简体   繁体   English

LAPACK / BLAS与简单的“for”循环

[英]LAPACK/BLAS versus simple “for” loops

I want to migrate a piece of code that involves a number of vector and matrix calculations to C or C++, the objective being to speed up the code as much as possible. 我想将一段涉及大量向量和矩阵计算的代码迁移到C或C ++,目标是尽可能地加速代码。

Are linear algebra calculations with for loops in C code as fast as calculations using LAPACK/BLAS, or there is some unique speedup from using those libraries? C代码中的for循环的线性代数计算与使用LAPACK / BLAS的计算一样快,或者使用这些库有一些独特的加速?

In other words, could simple C code (using for loops and the like) perform linear algebra calculations as fast as code that utilizes LAPACK/BLAS? 换句话说,简单的C代码(使用for循环等)可以像使用LAPACK / BLAS的代码一样快地执行线性代数计算吗?

Vendor-provided LAPACK / BLAS libraries (Intel's IPP/MKL have been mentioned, but there's also AMD's ACML, and other CPU vendors like IBM/Power or Oracle/SPARC provide equivalents as well) are often highly optimized for specific CPU abilities that'll significantly boost performance on large datasets. 供应商提供的LAPACK / BLAS库(英特尔的IPP / MKL已被提及,但也有AMD的ACML,其他CPU供应商,如IBM / Power或Oracle / SPARC也提供等价物)通常针对特定的CPU能力进行高度优化。显着提高大型数据集的性能。

Often, though, you've got very specific small data to operate on (say, 4x4 matrices or 4D dot products, ie operations used in 3D geometry processing) and for those sort of things, BLAS/LAPACK are overkill, because of initial tests done by these subroutines which codepaths to choose, depending on properties of the data set. 但是,通常,你有非常特定的小数据可以操作(例如,4x4矩阵或4D点积,即3D几何处理中使用的操作),对于那些类型的东西,BLAS / LAPACK是过度的,因为初始测试这些子程序由哪些代码路径选择,取决于数据集的属性。 In those situations, simple C/C++ sourcecode, maybe using SSE2...4 intrinsics and/or compiler-generated vectorization, may beat BLAS/LAPACK. 在这些情况下,简单的C / C ++源代码,可能使用SSE2 ... 4内在函数和/或编译器生成的向量化,可能会击败BLAS / LAPACK。
That's why, for example, Intel has two libraries - MKL for large linear algebra datasets, and IPP for small (graphics vectors) data sets. 这就是为什么,例如,英特尔有两个库 - 用于大型线性代数数据集的MKL和用于小型 (图形矢量)数据集的IPP。

In that sense, 从这个意义上讲,

  • what exactly is your data set ? 你的数据集究竟是什么?
  • What matrix/vector sizes ? 什么矩阵/矢量大小?
  • What linear algebra operations ? 什么线性代数运算?

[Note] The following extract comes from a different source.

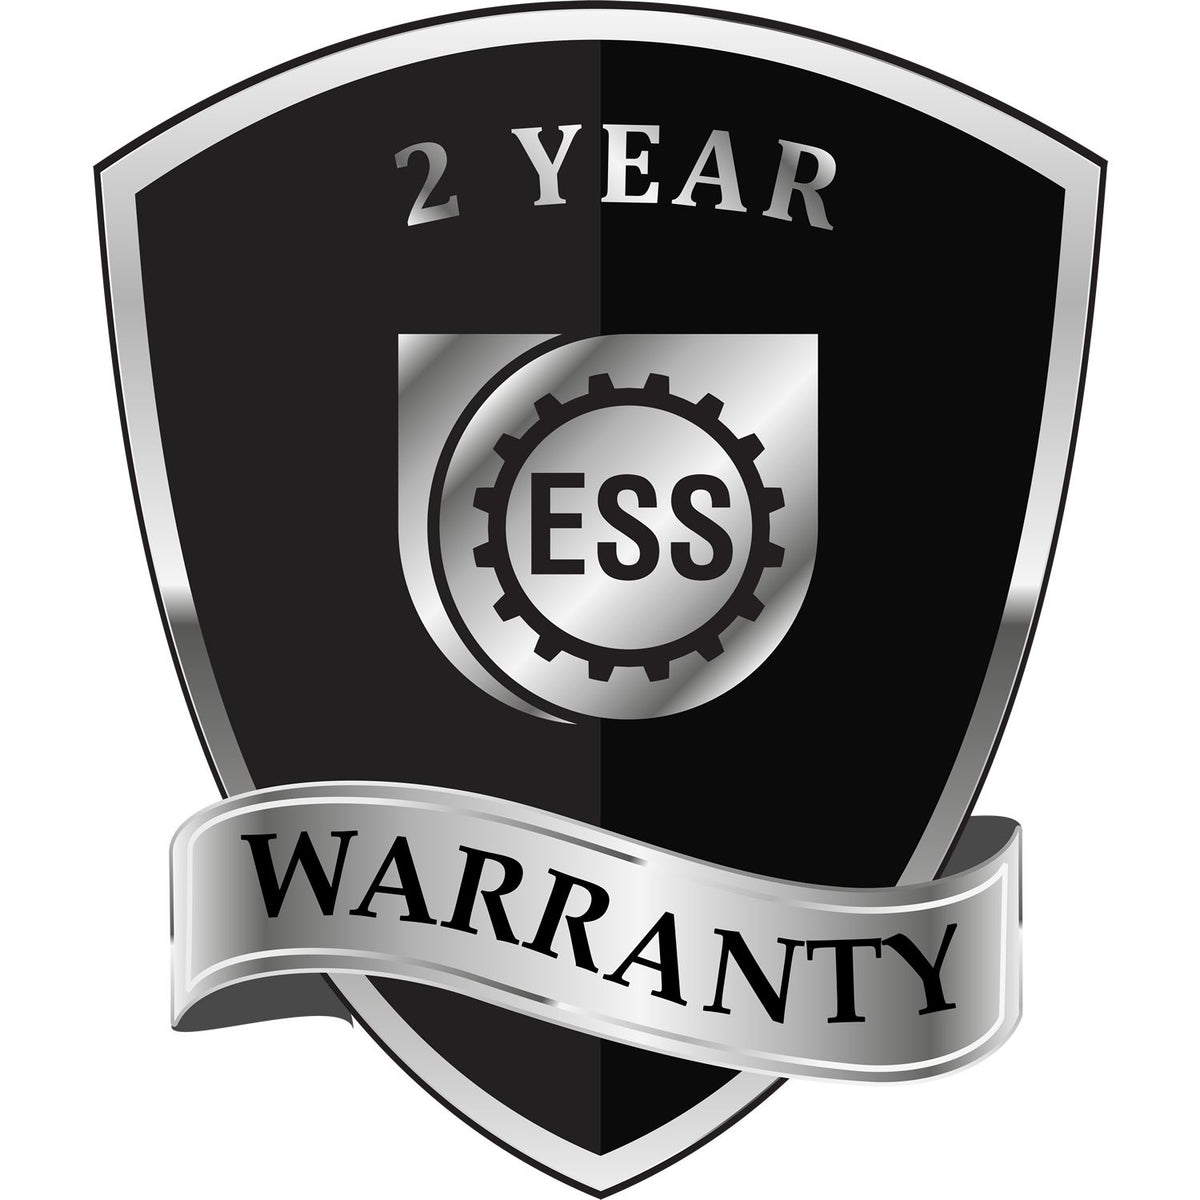 A badge or emblem showing a warranty icon for the State of Missouri Extended Long Reach Engineer Seal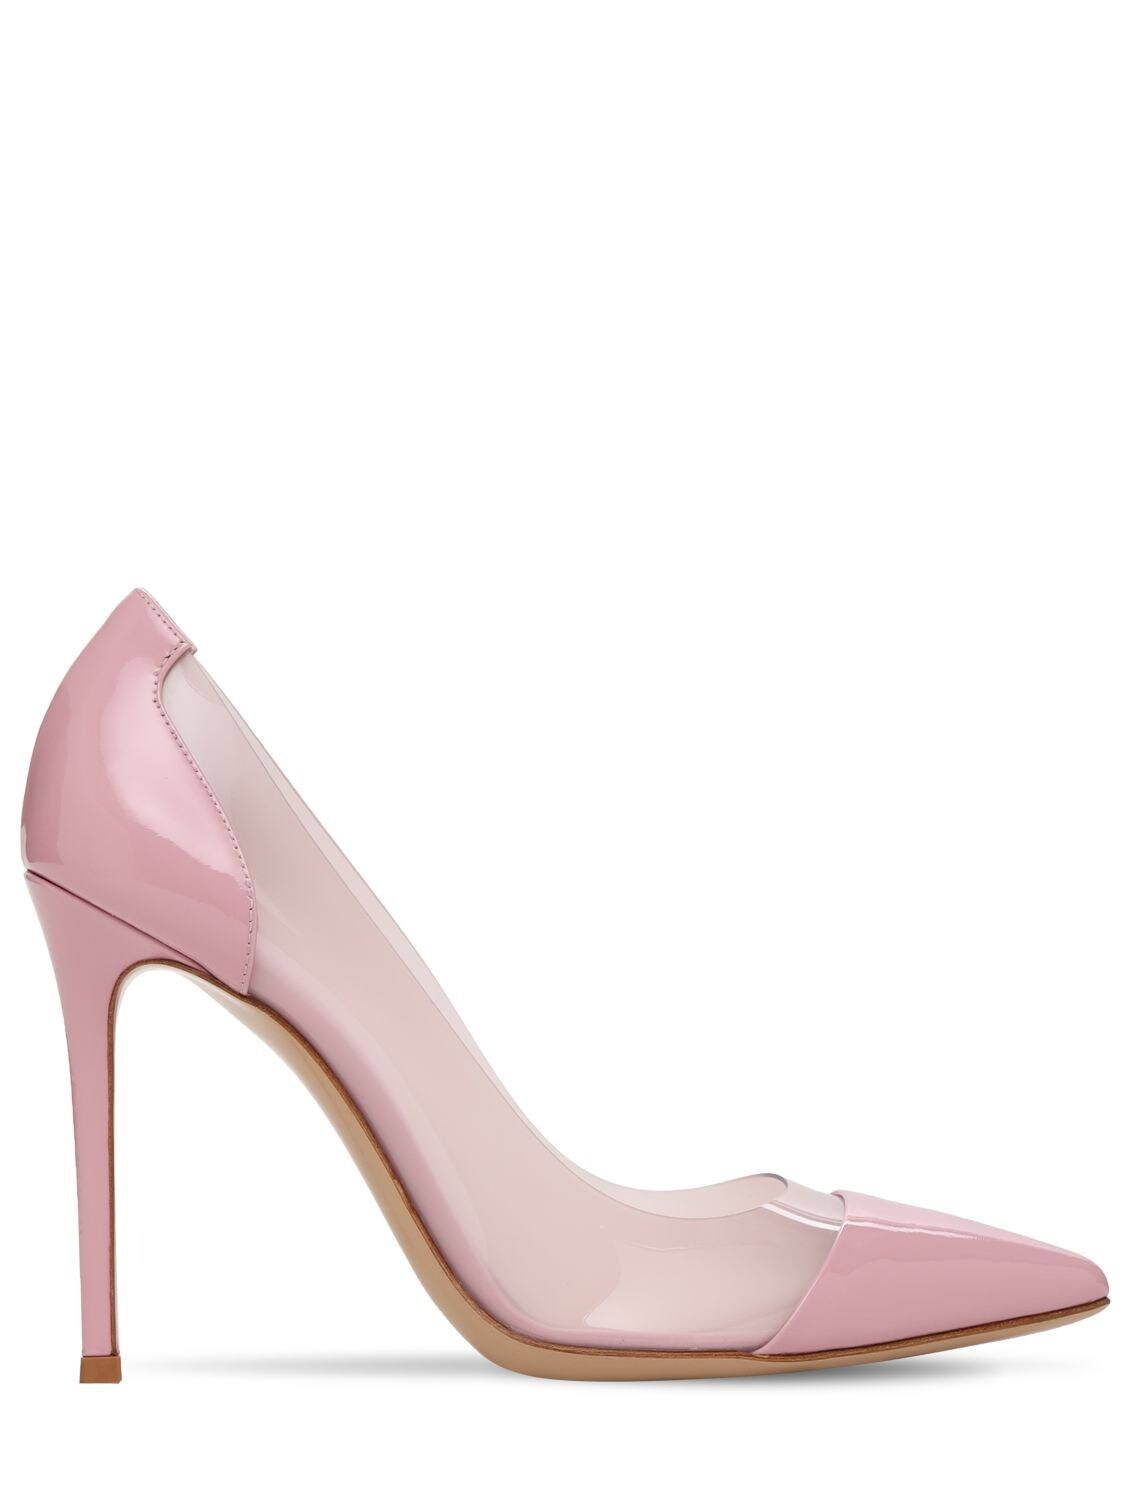 Gianvito Rossi 105mm Plexi & Patent Leather Pumps In Pink

Also, regarding "simple for loops": Give the compiler the chance to vectorize for you. 另外,关于“simple for loops”:给编译器提供向量化的机会。 Ie something like: 就像这样:

for (i = 0; i < DIM_OF_MY_VECTOR; i += 4) {
    vecmul[i] = src1[i] * src2[i];
    vecmul[i+1] = src1[i+1] * src2[i+1];
    vecmul[i+2] = src1[i+2] * src2[i+2];
    vecmul[i+3] = src1[i+3] * src2[i+3];
}
for (i = 0; i < DIM_OF_MY_VECTOR; i += 4)
    dotprod += vecmul[i] + vecmul[i+1] + vecmul[i+2] + vecmul[i+3];

might be a better feed to a vectorizing compiler than the plain 对于矢量化编译器而言,它可能比普通的更好

for (i = 0; i < DIM_OF_MY_VECTOR; i++) dotprod += src1[i]*src2[i];

expression. 表达。 In some ways, what you mean by calculations with for loops will have a significant impact. 在某些方面,通过for循环计算的意思将产生重大影响。
If your vector dimensions are large enough though, the BLAS version, 如果您的矢量尺寸足够大,那么BLAS版本,

dotprod = CBLAS.ddot(DIM_OF_MY_VECTOR, src1, 1, src2, 1);

will be cleaner code and likely faster. 将是更清洁的代码,可能更快。

On the reference side, these might be of interest: 在参考方面,这些可能是有意义的:

Probably not. 可能不是。 People quite a bit of work into ensuring that lapack/BLAS routines are optimized and numerically stable. 人们在确保lapack / BLAS例程得到优化和数值稳定方面做了大量工作。 While the code is often somewhat on the complex side, it's usually that way for a reason. 虽然代码通常有点复杂,但通常这种方式是有原因的。

Depending on your intended target(s), you might want to look at the Intel Math Kernel Library . 根据您的预期目标,您可能需要查看英特尔数学核心库 At least if you're targeting Intel processors, it's probably the fastest you're going to find. 至少如果您的目标是英特尔处理器,它可能是您要找到的最快的处理器。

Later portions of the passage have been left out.